L’artiste qui, dans son parcours a abordé plusieurs thématiques, notamment la politique, la réparation, les relations entre les pays colonisés et l’occident, la restitution des biens culturels de l’Afrique, les crises économiques, les impacts de la pandémie de la Covid-19…, pourrait orienter les productions artistiques de la prochaine Biennale de Berlin sur les thématiques relatives à l’actualité sociopolitique notamment la crise sanitaire et ses corollaires (la crise économique, l’anxiété, l’accentuation des inégalités …).
Par cette nomination, Kader Attia devient le premier artiste africain qui occupera le poste de commissaire de la biennale de Berlin. Il se retrouve ainsi au rang de grands noms tels que l’artiste italien Maurizio Cattelan, le performeur et vidéaste polonais Artur Żmijewski, ou encore la colombienne María Berríos, l’ayant tous précédé.

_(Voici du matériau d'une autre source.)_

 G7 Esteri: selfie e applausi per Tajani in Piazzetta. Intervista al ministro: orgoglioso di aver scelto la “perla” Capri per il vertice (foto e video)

Kader Attia : Une première exposition personnelle en Grèce avant la Biennale de Berlin
En attendant la 12ème édition de la Biennale d’art contemporain de Berlin, Kader Attia présente du 07 mai au 19 juin 2021 sa première exposition personnelle au State of Concept à Athènes.

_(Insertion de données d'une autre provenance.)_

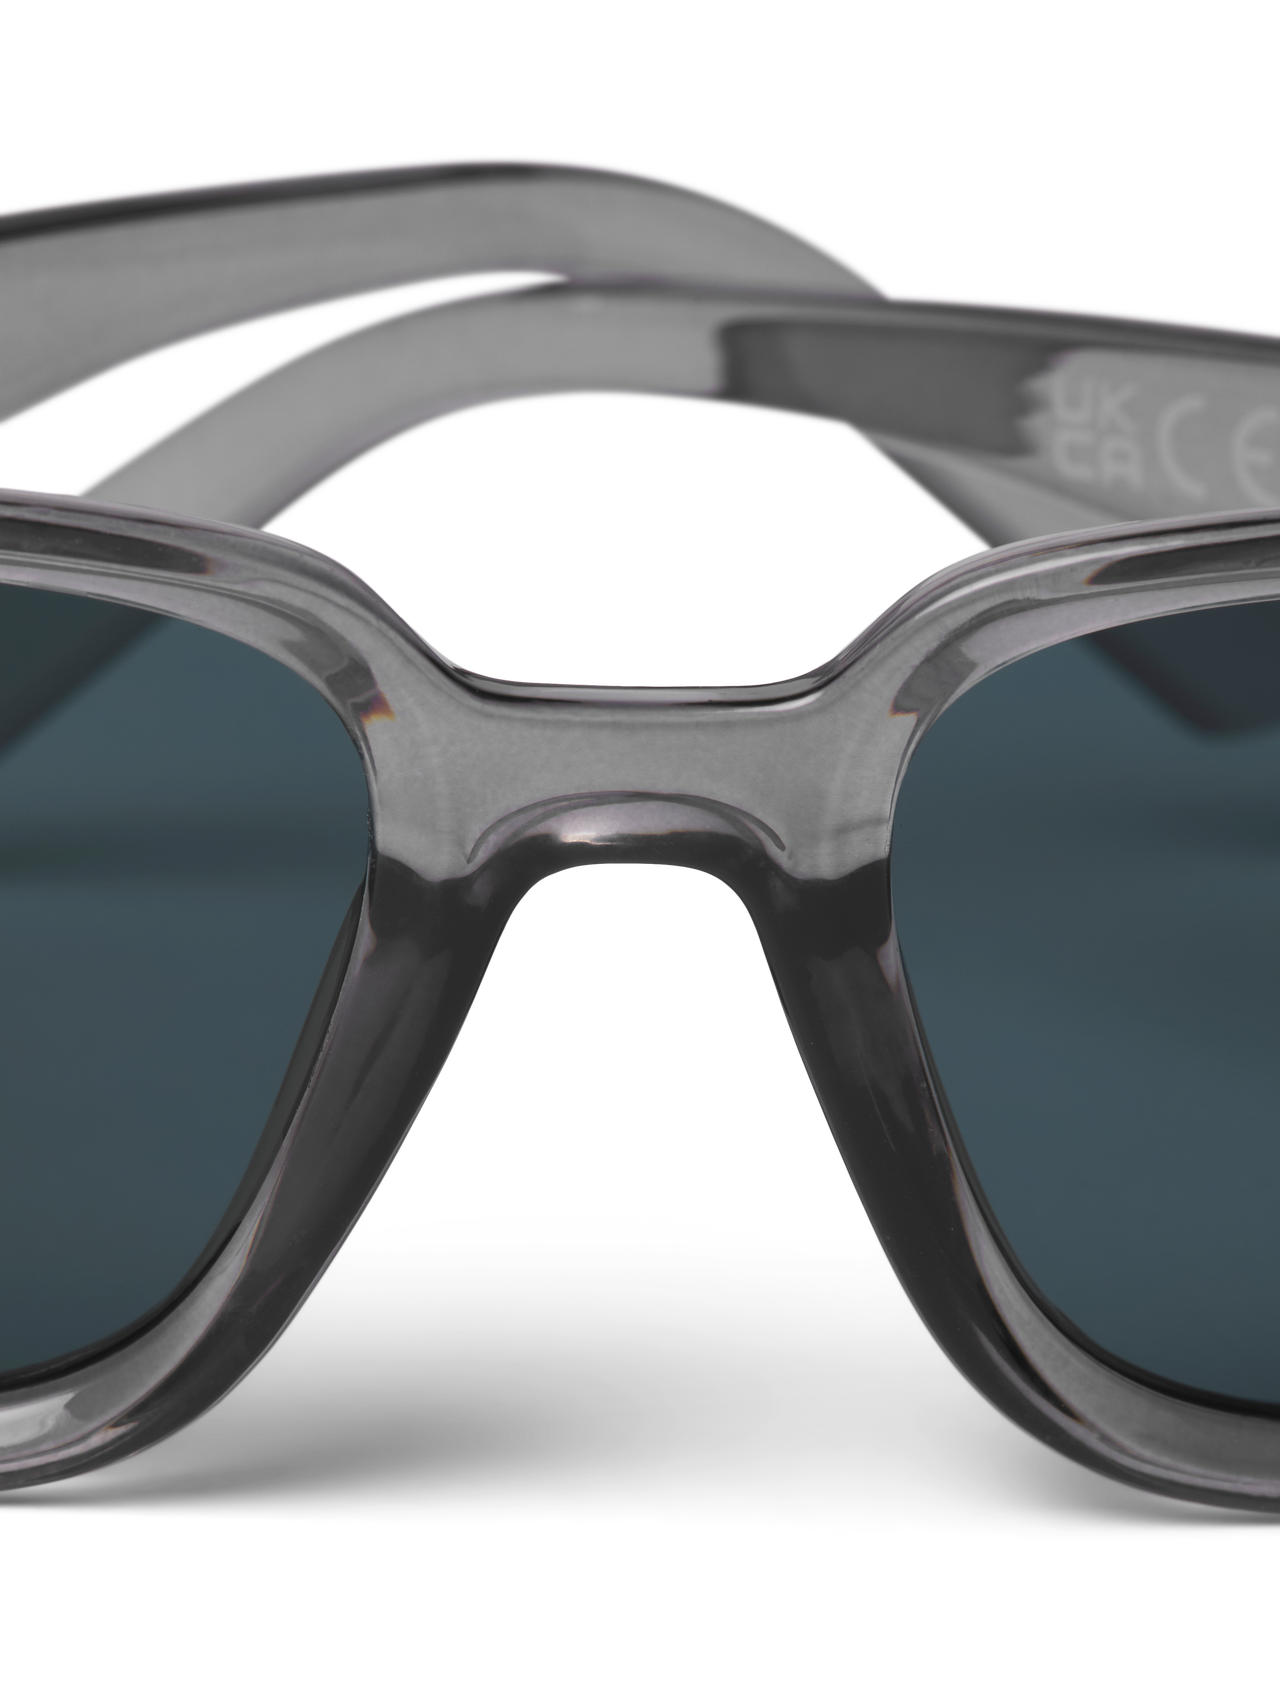 Jack & Jones Gafas de sol rectangulares Plástico -Dark Grey - 12251480

Le franco-algérien pose son regard critique sur les maux qui minent la société actuelle et se penche sur les questions qui relancent le débat relatif aux problèmes du monde ainsi que le prolongement des impacts négatifs de l’impérialisme et du colonialisme sur les sociétés non occidentales. Il rassemble ainsi ses photographies et vidéos pour construire un discours analytique sur les possibilités pour les sociétés marginalisées de reprendre possession de leur culture.
Pour cette exposition, Kader Attia a puisé au sein de ses anciennes réalisations mélangées aux nouvelles productions pour créer une exposition originale. Il présente quelques œuvres telles que Reason’s Oxymorons, et son nouveau film The Object’s Interlacing (2020), dans lequel il aborde la question de la restitution des biens africains, la situation des réfugiés particulièrement chère pour la Grèce.